Dataset excerpt below:

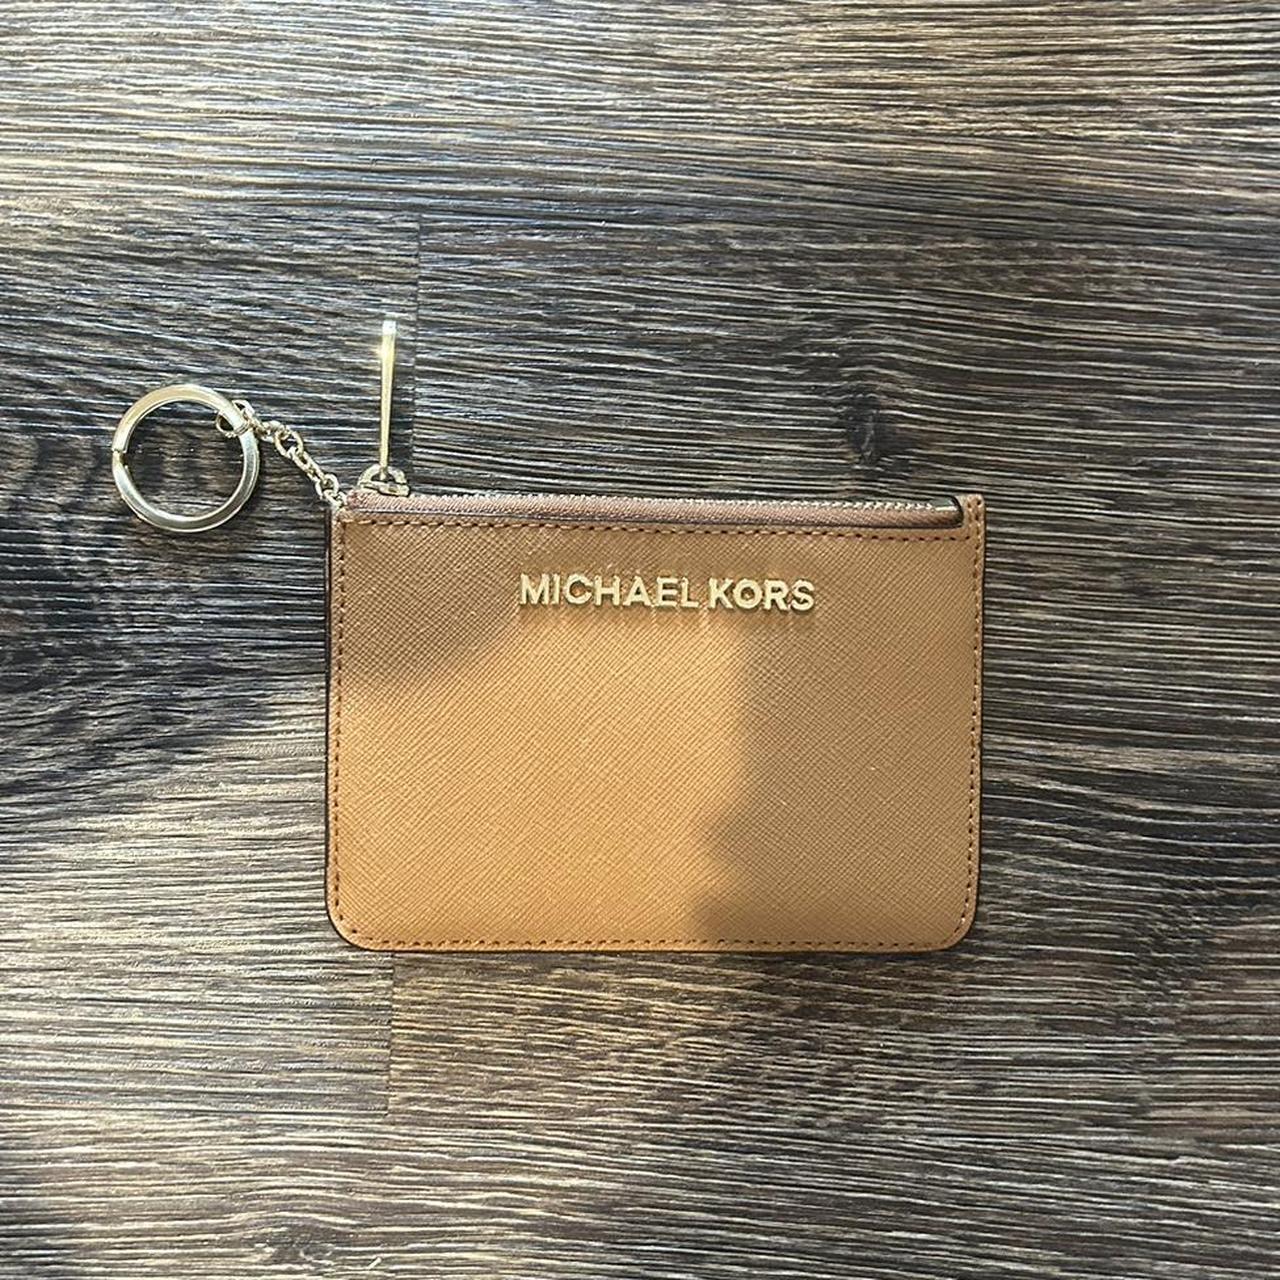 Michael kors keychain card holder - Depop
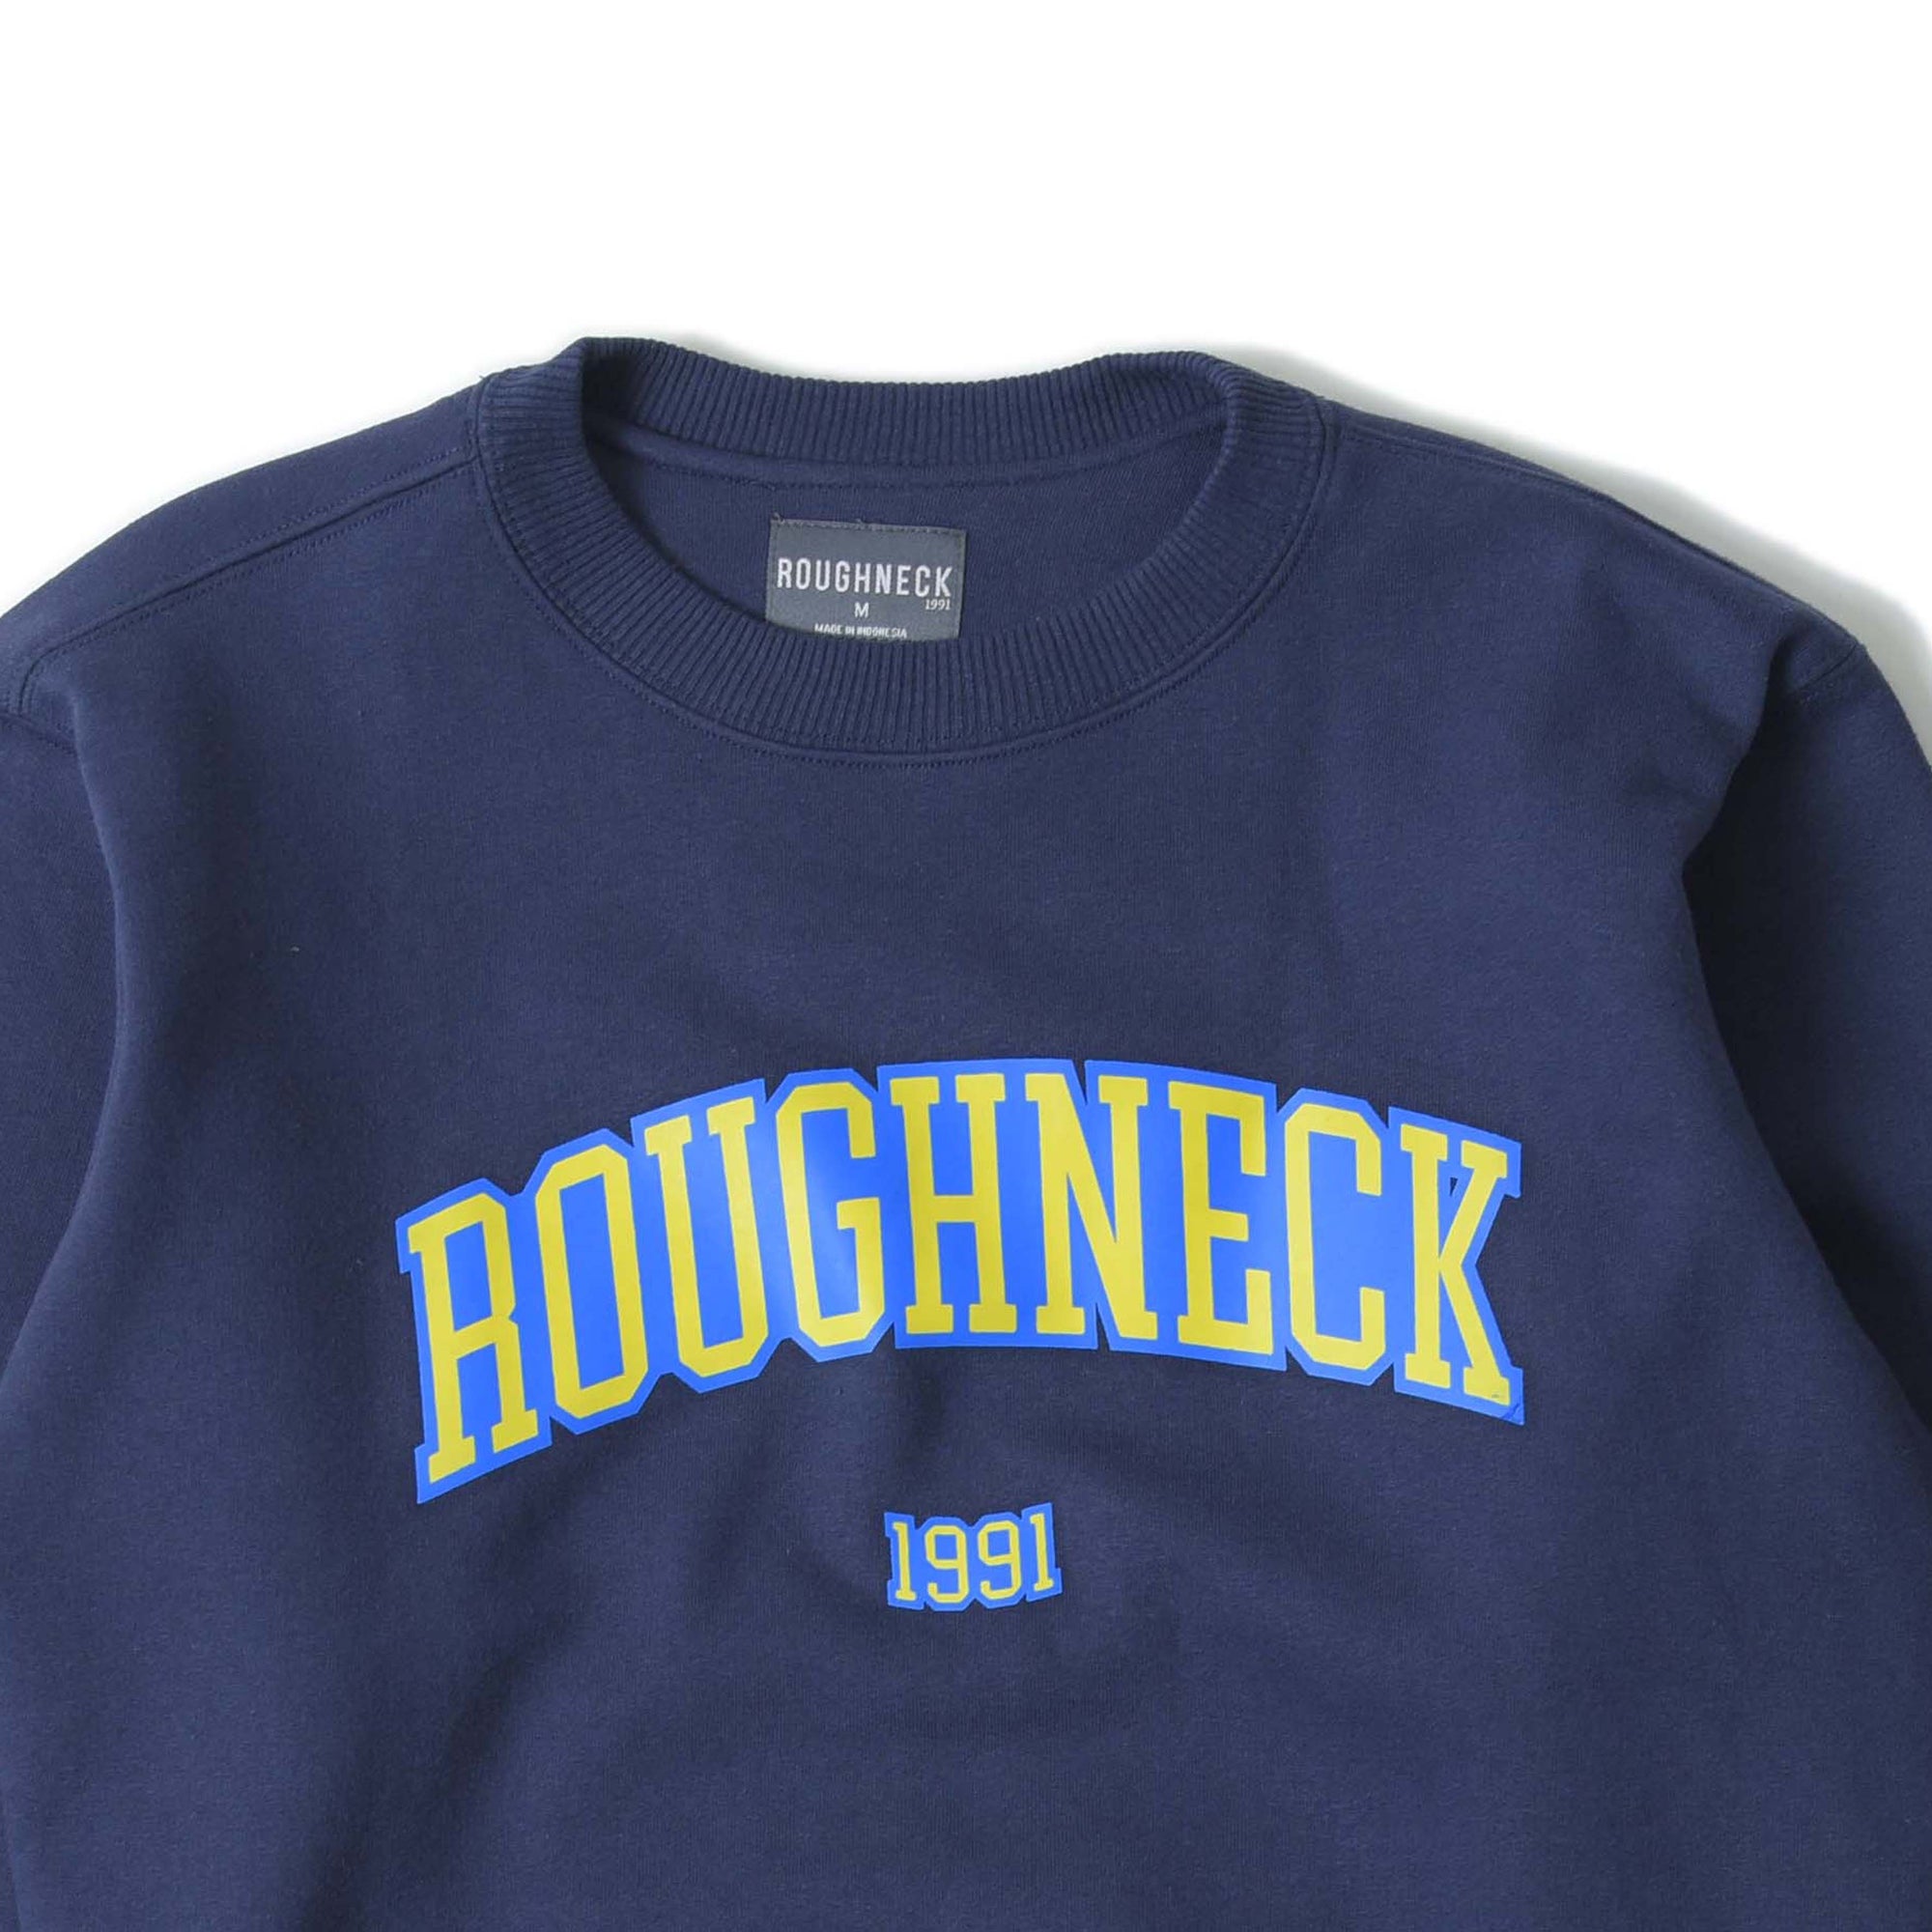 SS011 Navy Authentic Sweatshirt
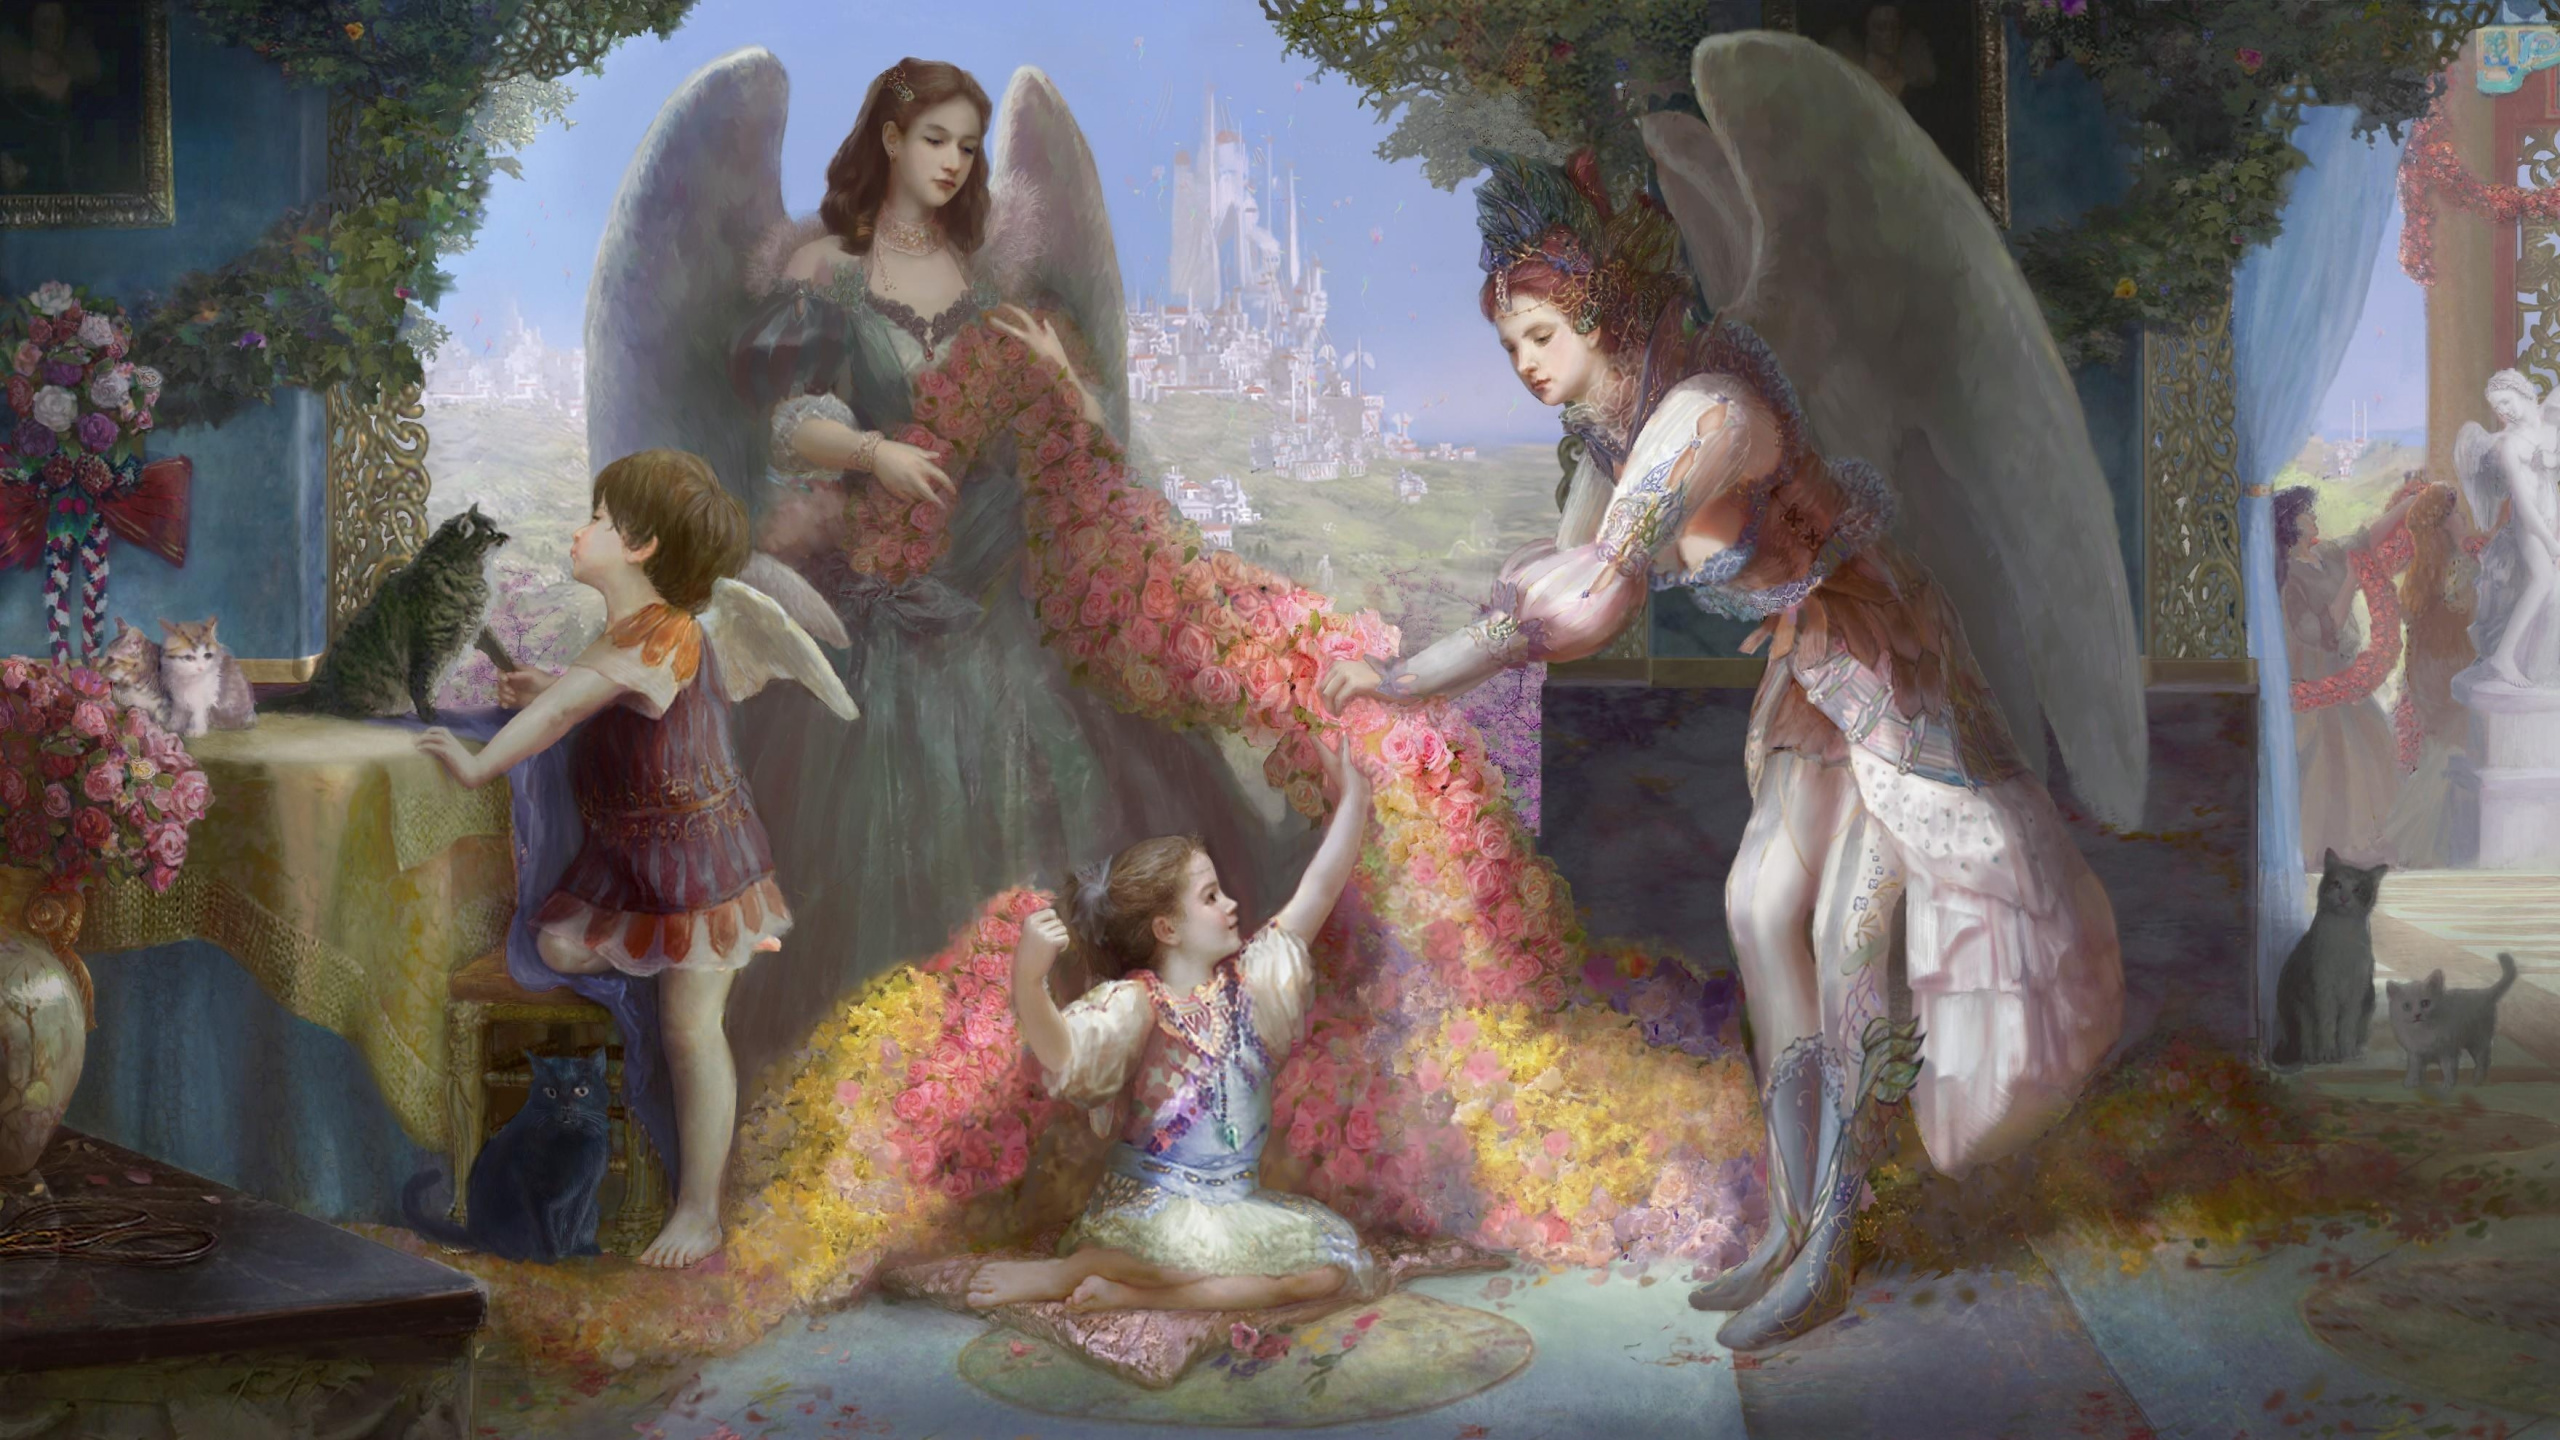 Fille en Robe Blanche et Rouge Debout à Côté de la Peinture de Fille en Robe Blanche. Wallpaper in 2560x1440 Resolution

End of Dataset excerpt.

_What you should do_
The answer should contain all the material above, copied exactly, and no images.

_Worked solution_
 Michael kors keychain card holder - Depop
 SS011 Navy Authentic Sweatshirt
 Fille en Robe Blanche et Rouge Debout à Côté de la Peinture de Fille en Robe Blanche. Wallpaper in 2560x1440 Resolution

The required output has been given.